For Mayur, a “nice to have” would be the infrastructure to facilitate two-way communication across Kent and Medway’s two million people. “It’s the old adage of delivering the care you would deliver to your mother – how do I know, if I can’t speak to my mother so she can tell me honestly and truthfully? I think if we’re going to do large-scale PHM interventions, I’d like large-scale feedback, essentially, so we could drive that iterative change.”
Seeing the NHS define what the minimum tech stack is for an ICB and having some standardisation around that would be beneficial, Harry noted. “We’ve seen some success with the shared care record programme, and as a vendor, it’s knowing that if you’re going to work with an ICB, you need to plug into that. I’d also go back to the point I made earlier about getting a bit tougher with contracting, so every vendor has to put data in the same place – I think that would unlock some amazing analytics, and it would be really powerful.” Funding is also an important piece, he went on, “as being held to show how you’re going to deliver year-in cash savings is stifling innovation, and we need to think more long-term in how we’re procuring and reimbursing some of these great interventions out there that are dying before they get to patients because they can’t find the funding.”
When it comes to AI, Mayur highlighted the importance of making sure the basics are in place and the data is correct.

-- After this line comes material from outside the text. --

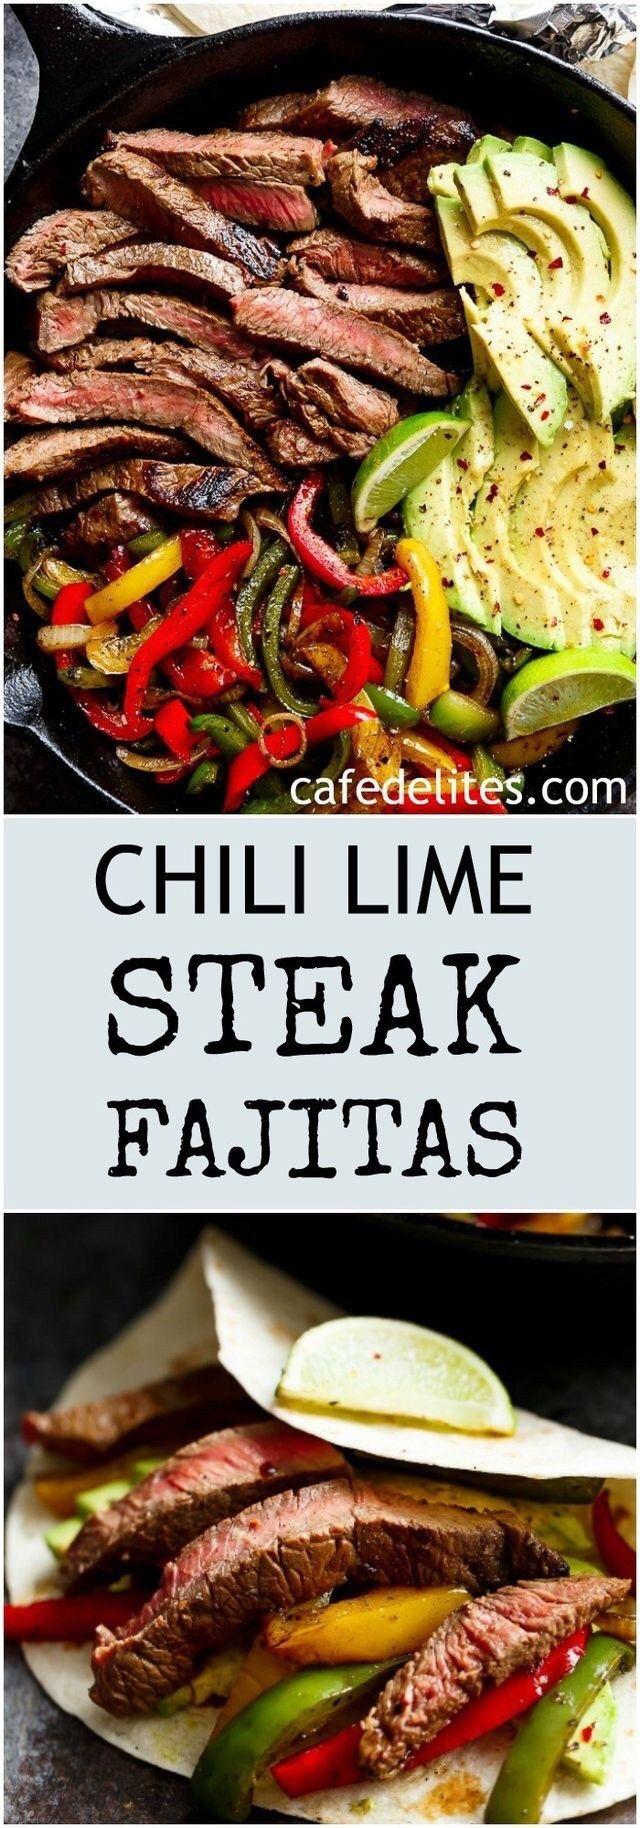 13 Fantastic Fajita Recipes: Authentic Mexican Food #beeffajitarecipe

Having huge datasets where everything is joined up across the system has the potential to be “revolutionary” in terms of decision-making, he continued, but we’re not there yet as far as the data is concerned. “The Secure Data Environment is a good test bed to run projects we might want to do in real life, and things like the Federated Data Platform – using that structural dataset that’s coming nationally, I can see it all linking up together.”
AI readiness is a major challenge, according to Harry, with lots of organisations still relying on on-premises servers, who haven’t moved to the cloud, and who have siloed systems with poor-quality data and a lack of standardisation around how it’s stored. “AI has got to be part of the solution to that $47 trillion problem I outlined at the beginning of this webinar, but we need those building blocks in first. Somewhere AI is having an impact in other industries is also in the automation of processes – if you’re going to handle the data from 60 million people, and you know that if they hit certain criteria then they need an email to be sent out to them, that’s where that could come in.” Putting that kind of framework in would help roll out interventions at scale, he added.
We’d like to thank our panellists for taking the time to share these insights with us.